* [WHAT THE TASK ASKS] With the images excluded, set down every line of the listing below exactly.

* [INPUT DATA]
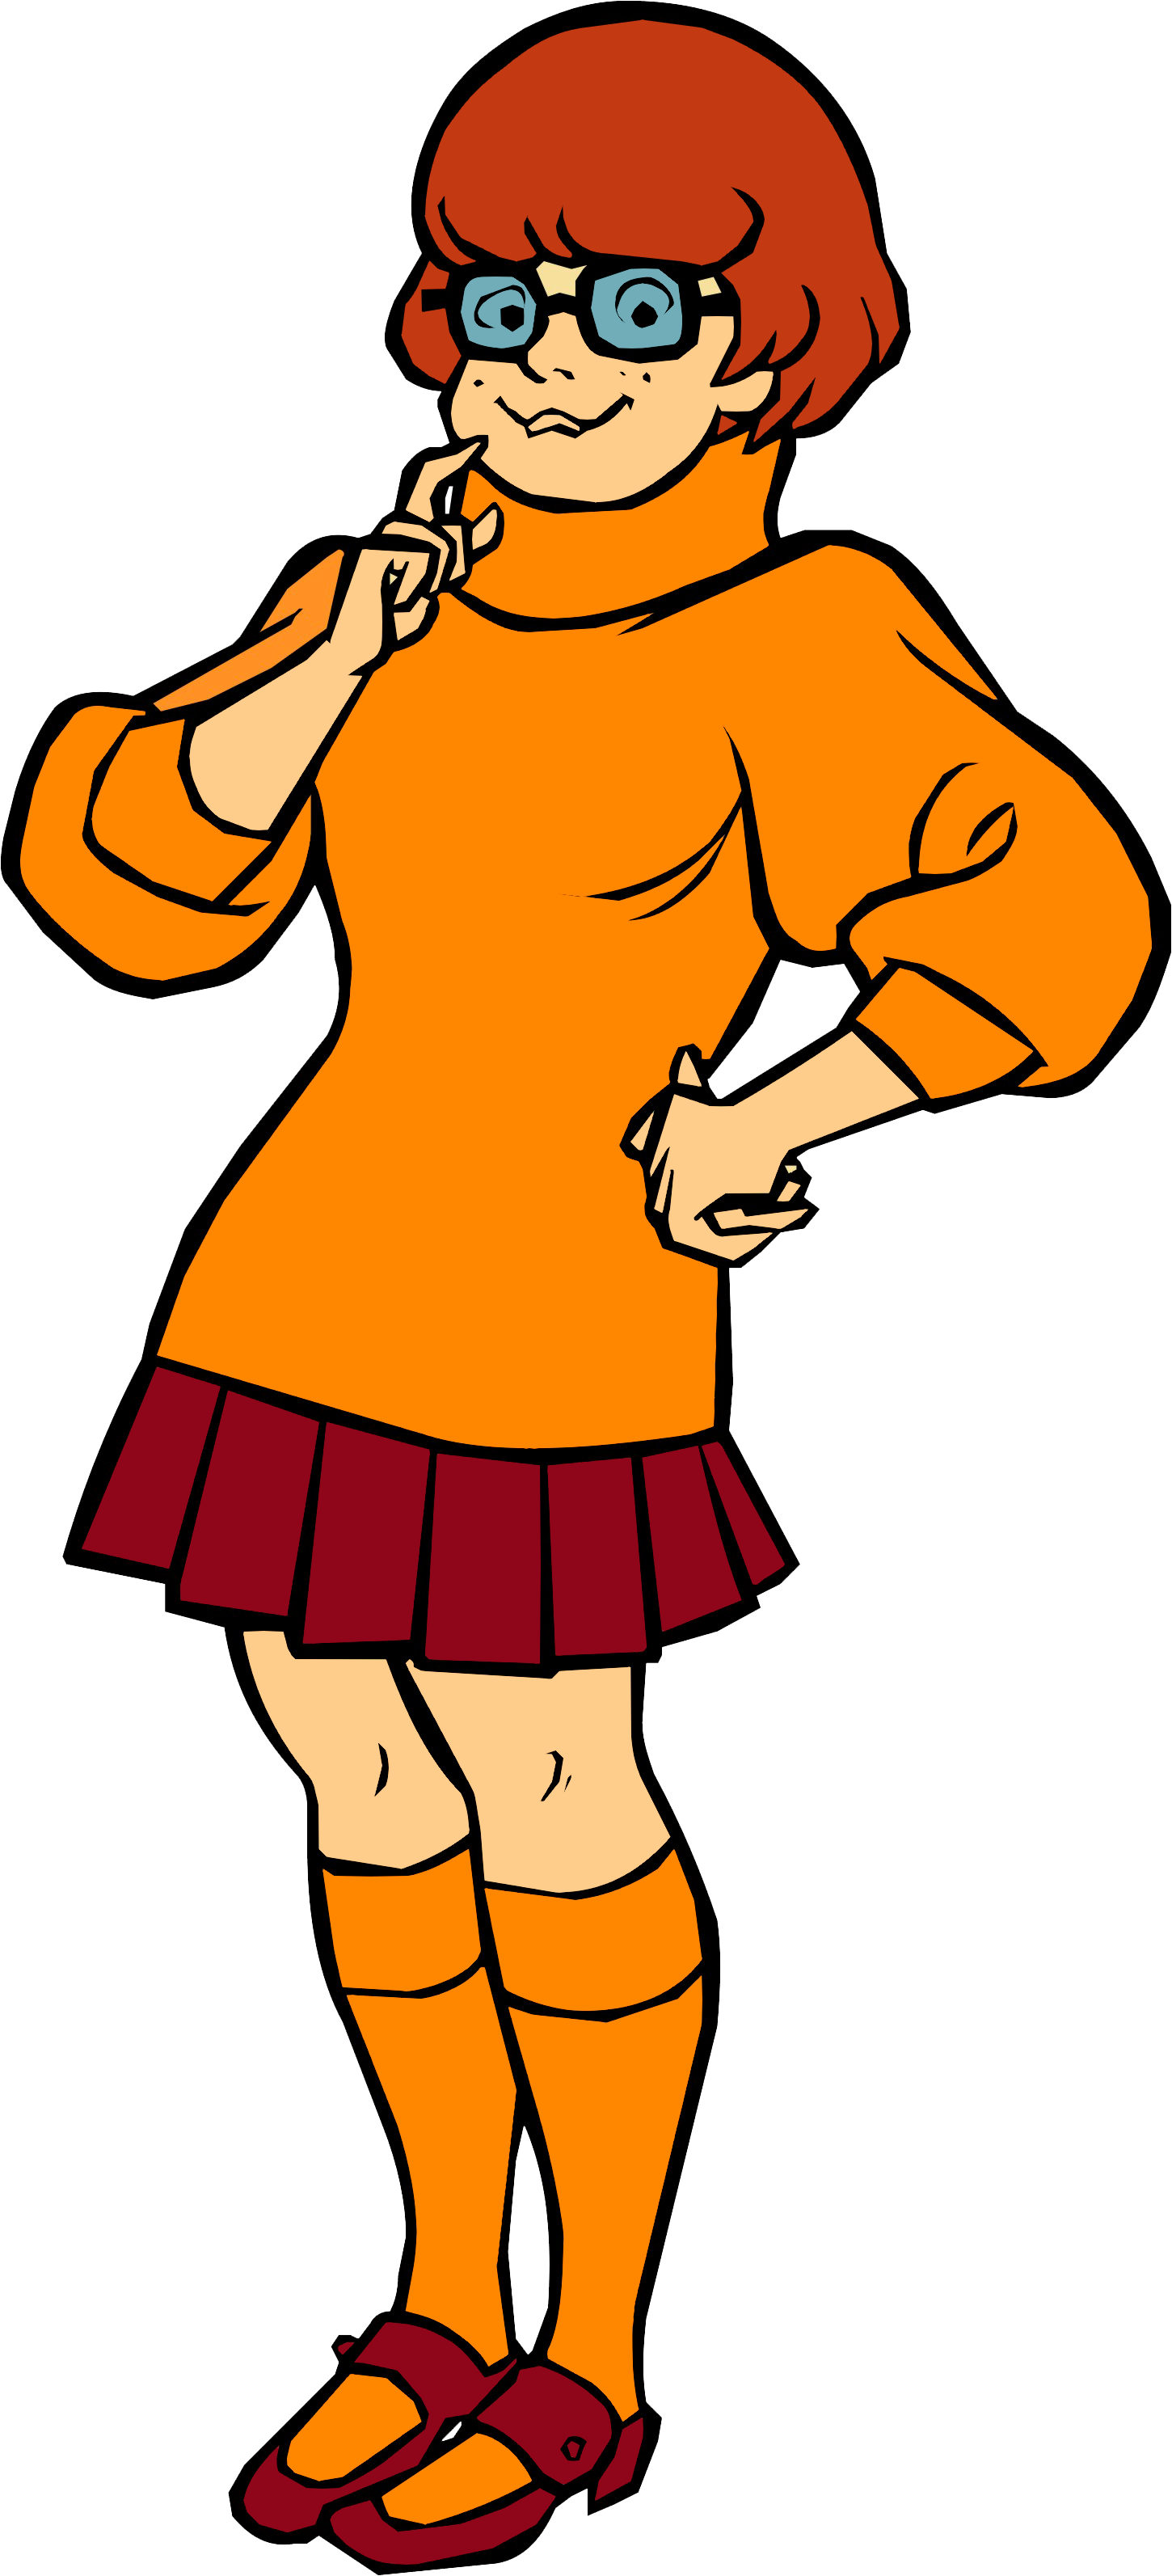 Velma Dinkley vector 3 by HomerSimpson1983 on DeviantArt
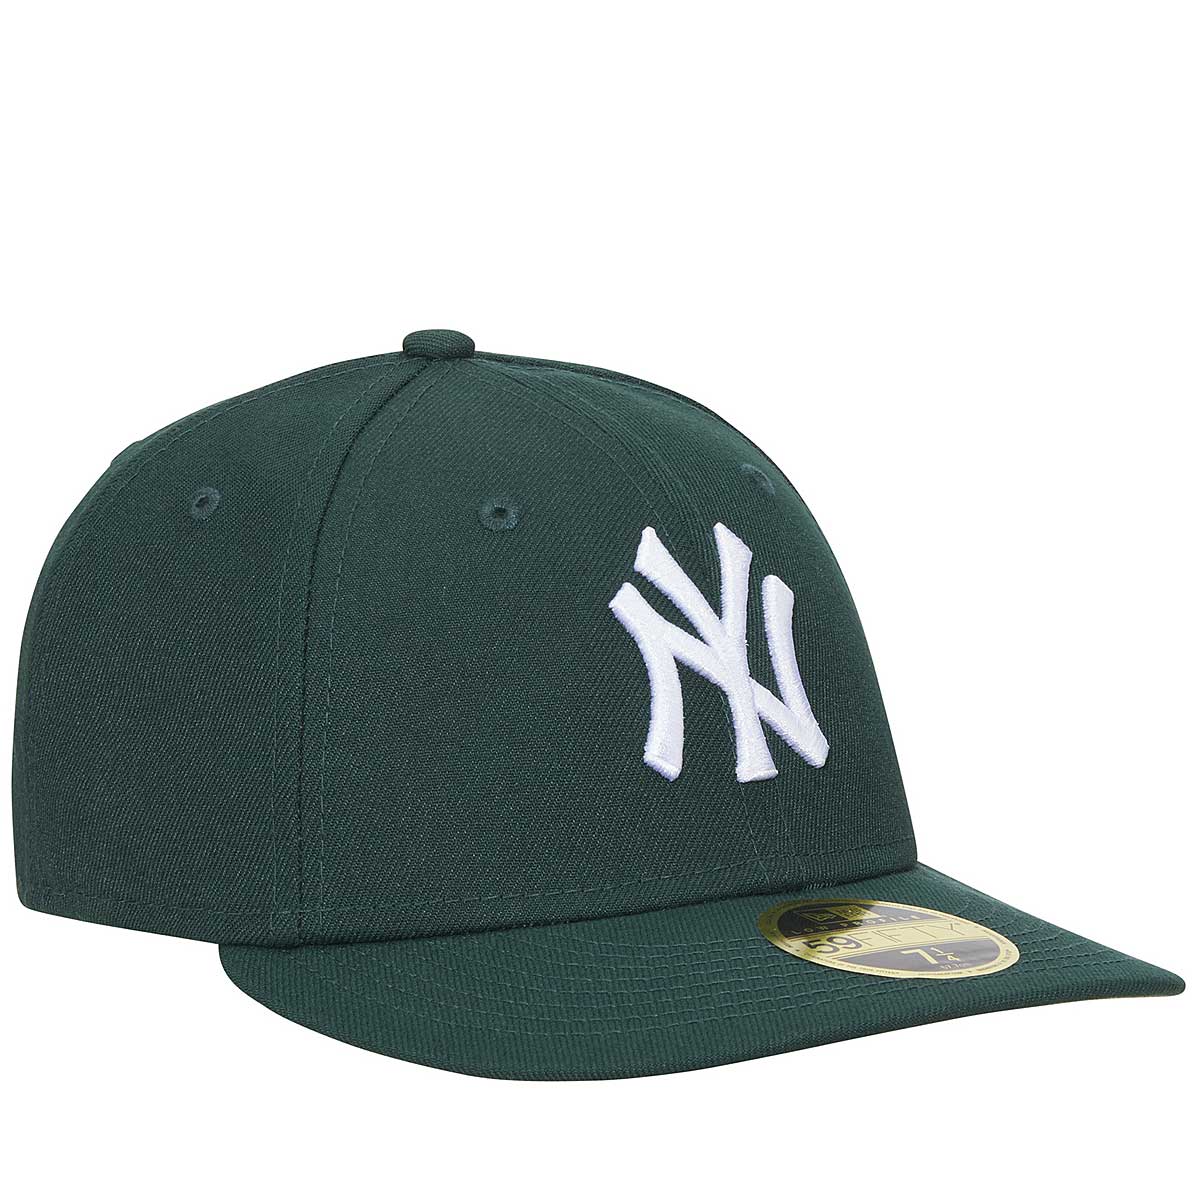 Buy MLB NEW YORK YANKEES LP59FIFTY CAP for EUR 19.90 on KICKZ.com!
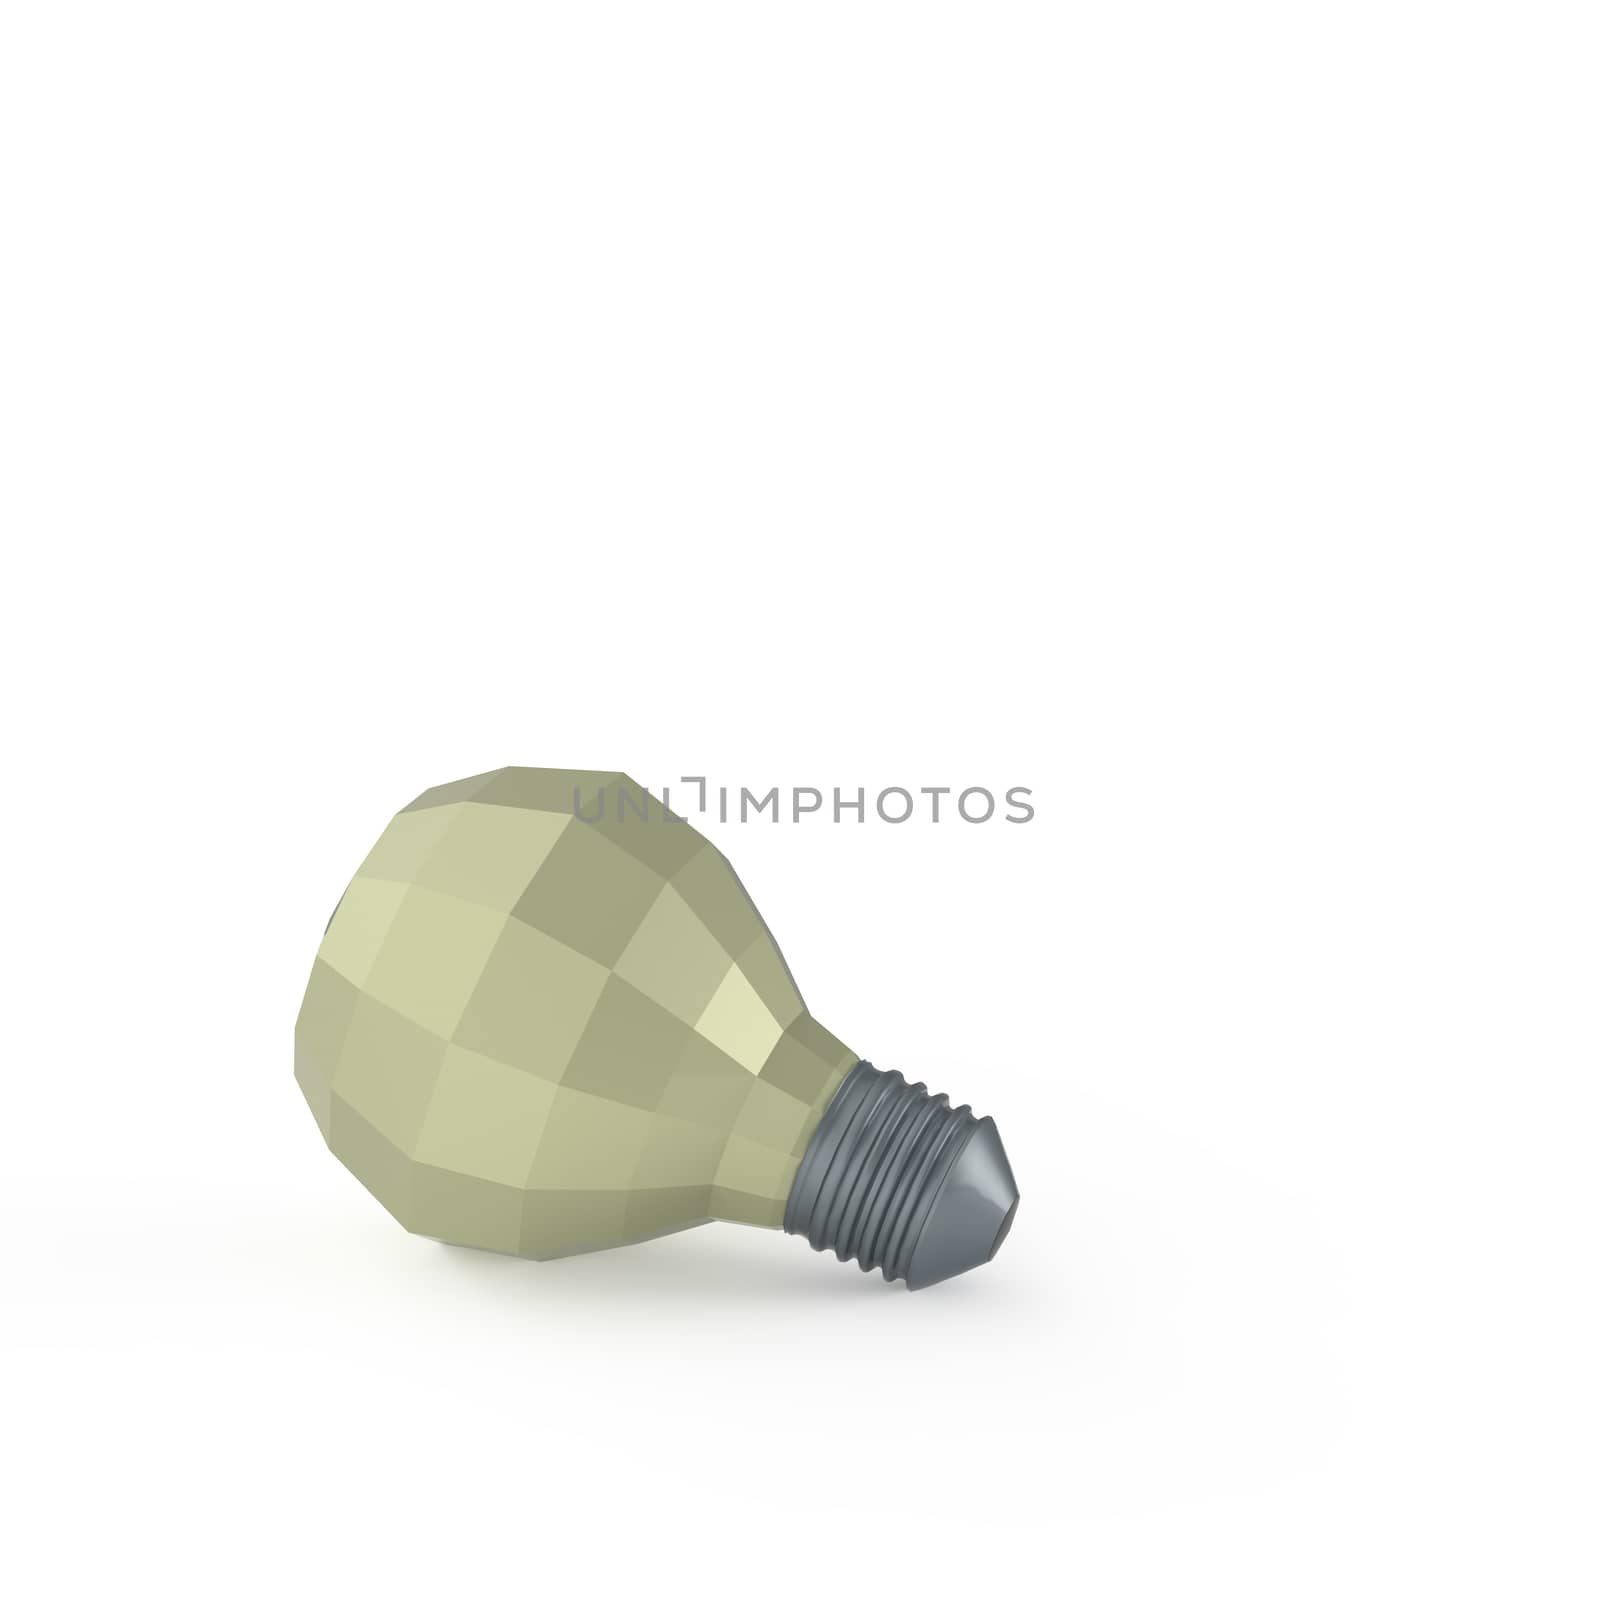 low polygonal 3d light bulb concept symbol
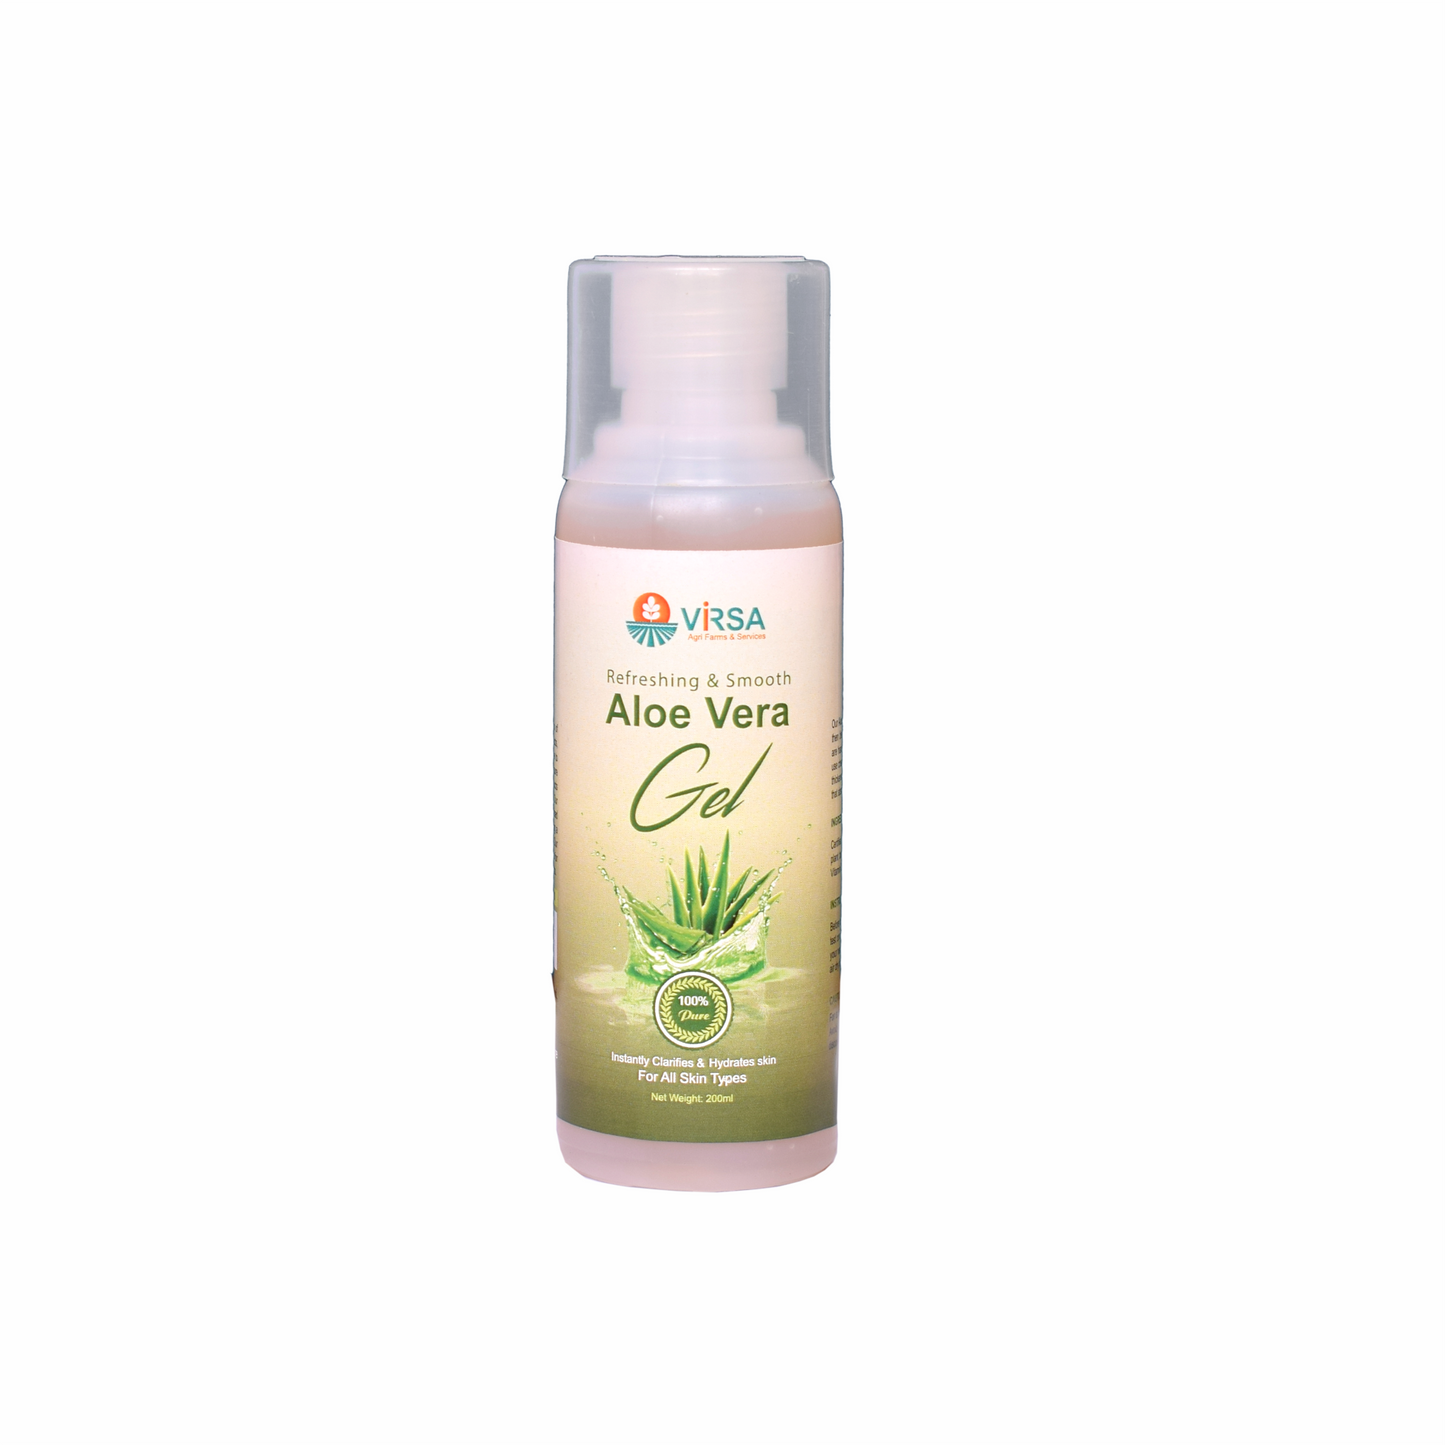 Aloe Vera Hair gel

* [YOUR SOLUTION]
 Velma Dinkley vector 3 by HomerSimpson1983 on DeviantArt
 Buy MLB NEW YORK YANKEES LP59FIFTY CAP for EUR 19.90 on KICKZ.com!
 low polygonal 3d light bulb concept symbol
 Aloe Vera Hair gel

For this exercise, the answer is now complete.